Core Toolchain Infrastructure - Services for glibc

Carlos O'Donell carlos@redhat.com
Thu Jul 13 21:58:14 GMT 2023


The Core Toolchain Infrastructure (renamed) project continues to
move forward the goal of creating a long-term sustainable set of
secure and state of the art services for the GNU Toolchain.

Some of the major goals include:

 * Isolating all services in VMs or containers to increase service
   security and reduce service resource interference. 

 * Allow volunteers to focus efforts outside of core infrastructure
   maintenance.

 * Prepare for additional software supply chain requirements from
   distributors.

As part of this effort the Technical Advisory Committee (TAC) has
evaluated the services used by glibc and how they could be migrated
and serviced by the CTI project.

The CTI TAC recommendation is to use Linux Foundation IT services
for core infrastructure. The LF IT team already supports many of
the same services for the Linux kernel and at scale. The migration
would involve moving services from Sourceware.org to LF IT servers.
We continue to be thankful and appreciative of the time spent by
Sourceware.org volunteers in support of the current services.

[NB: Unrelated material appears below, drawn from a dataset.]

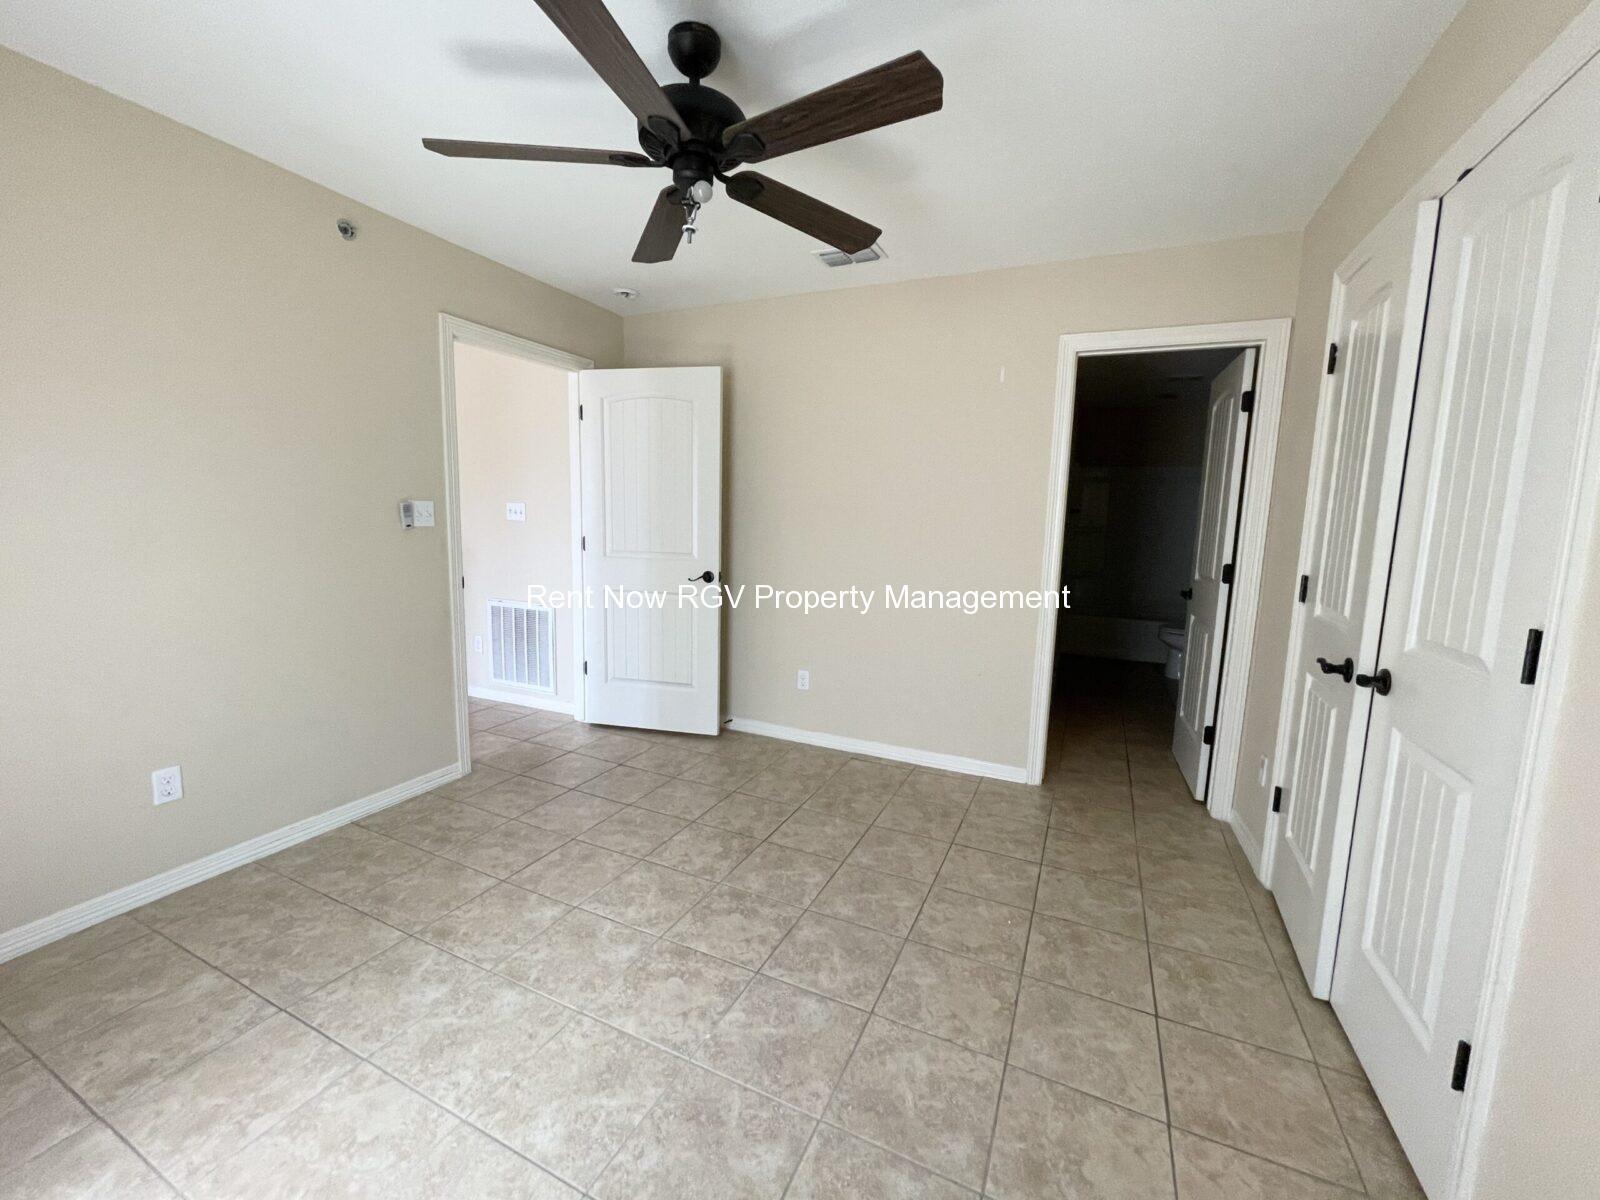 201 N LINARES ST ALTON, TX 78573

Appended to this message are the list of proposed services that
LF IT can provide and an enumeration of the current services.

The CTI TAC is looking for feedback from the community on the listed
services which would be migrated to LF IT services and overall
project service requirements. Please feel free to reply to this
thread or email me, or any CTI TAC member privately.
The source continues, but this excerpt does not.